Under the proposal with OLCV, Enterprise would develop the CO2 aggregation and transportation network using “a combination of new and existing pipelines along its expansive Gulf Coast footprint.” 

OLCV, through its 1PointFive business unit, already is developing sequestration hubs on the Gulf Coast and across the United States. Some of the hubs, including in the Permian Basin, are expected to be anchored by Oxy’s proposed direct air capture (DAC) facilities. Oxy is expected to soon sanction a massive DAC project in the Permian Basin, which basically would suck CO2 from the air.

In March, Oxy clinched its first agreement regarding the Permian DAC facility.

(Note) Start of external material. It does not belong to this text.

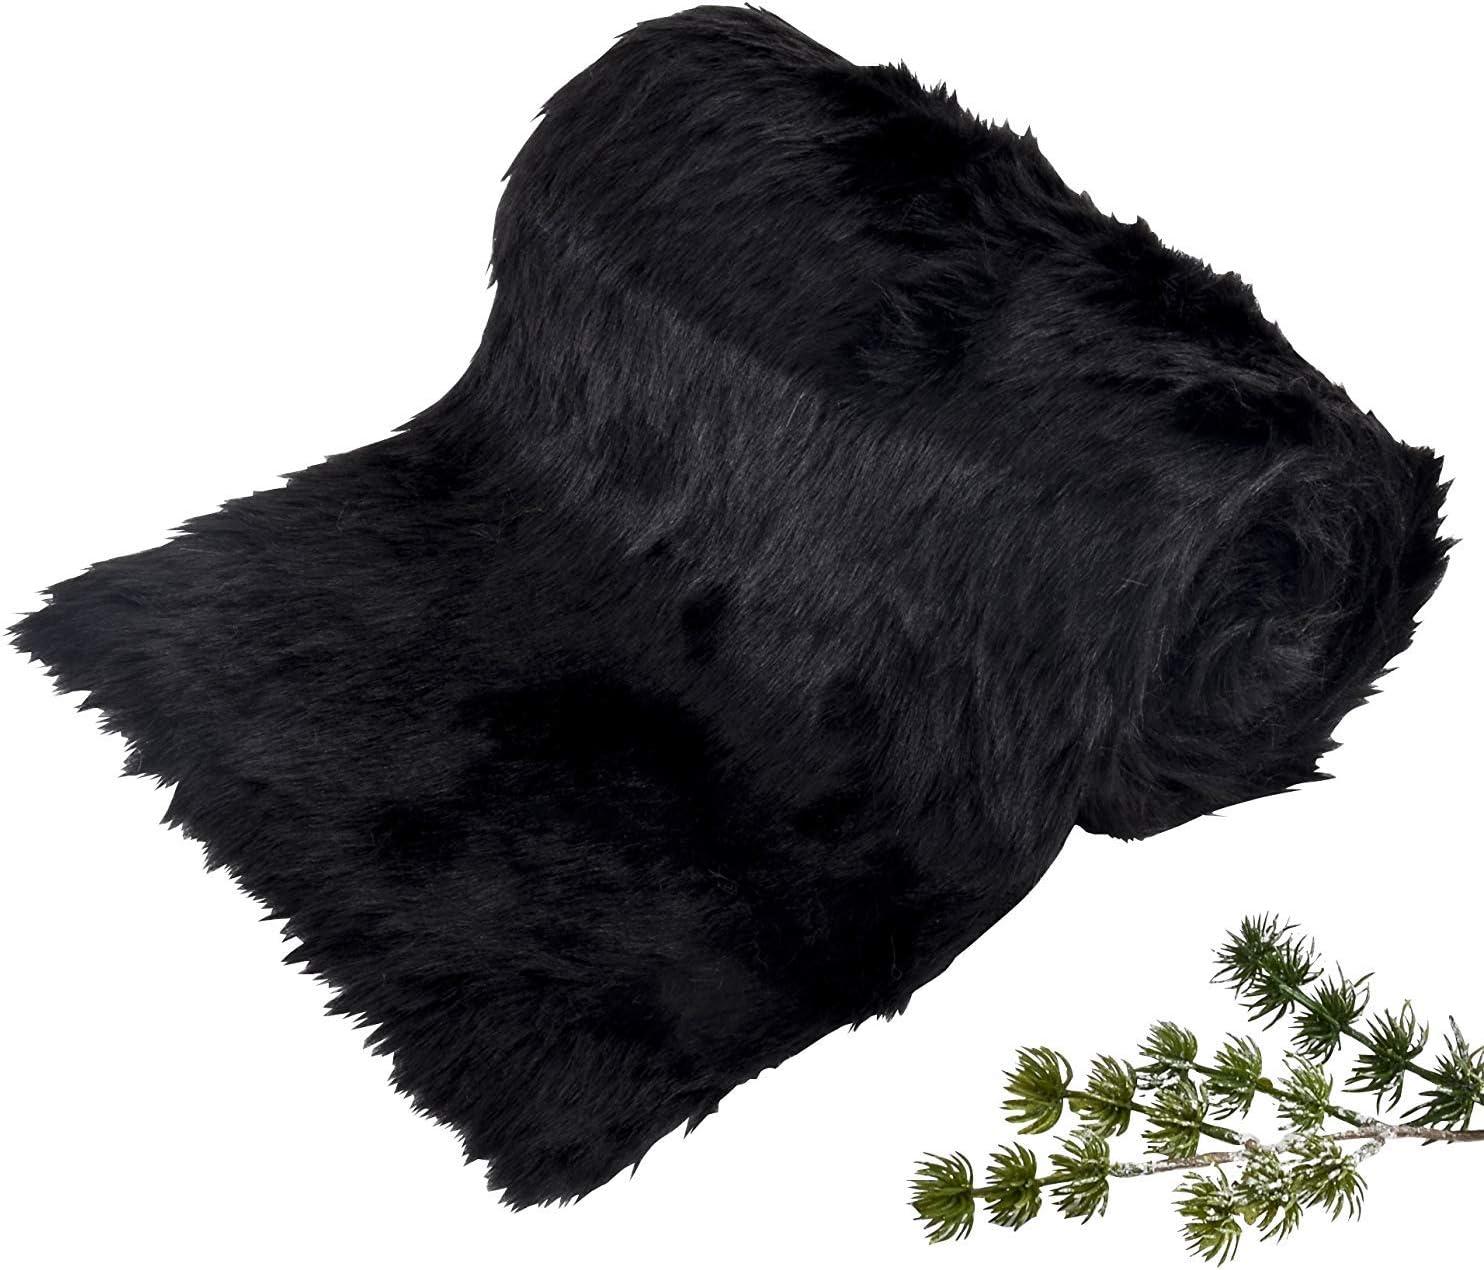 Schwarz Breite 20cm x L/änge 2m Living /& Lifestyle Fellband Tischband Kunstfell Xmas Weihnachten Dekoband Dekoration

It agreed to sell 200,00 b/d of net-zero emissions oil over five years to South Korea’s SK Trading International once the project has begun operations.

The net-zero emissions oil would be achieved by combining with environmental attributes, which would be generated by removing and sequestering the atmospheric CO2 through an enhanced oil recovery (EOR) process.

The hubs, as designed by Oxy, would provide access to pore space and transportation infrastructure. The partners said the hub infrastructure would offer “more options to emitters looking to explore viable carbon management strategies.”

As envisioned, up to 1 million metric tons/year (mmty) of CO2 emissions could be pulled from the air using the DAC system. That would equal around 5% of what Oxy sequesters every year through its EOR business. 

Enterprise and OLCV said they have begun exploring how to commercialize the potential joint service offering with customers.

“We believe that our low-carbon strategy enhances Oxy’s business value and creates a path to net zero for ourselves while providing organizations everywhere with the tools they need to achieve net-zero or net-negative emissions,” said Oxy’s Richard Jackson, president, U.S. Onshore Resources and Carbon Management, Operations.

Rystad Energy on Tuesday said North America and Europe would dominate the CCUS market by 2030. The firm estimated the two regions would contribute 450 mmty of capture capacity, which would be “more than 80% of the projected global total of 550 mmty.”

“Economic and financial constraints are the main reason for CCUS projects not moving ahead as planned, but more countries are starting to see the importance of providing support to such projects,” the Rystad team said. “Demand for carbon capture projects through to 2030 will be predominantly driven by policies and support, especially for hard-to-decarbonize sectors such as cement, steel, maritime and chemicals.”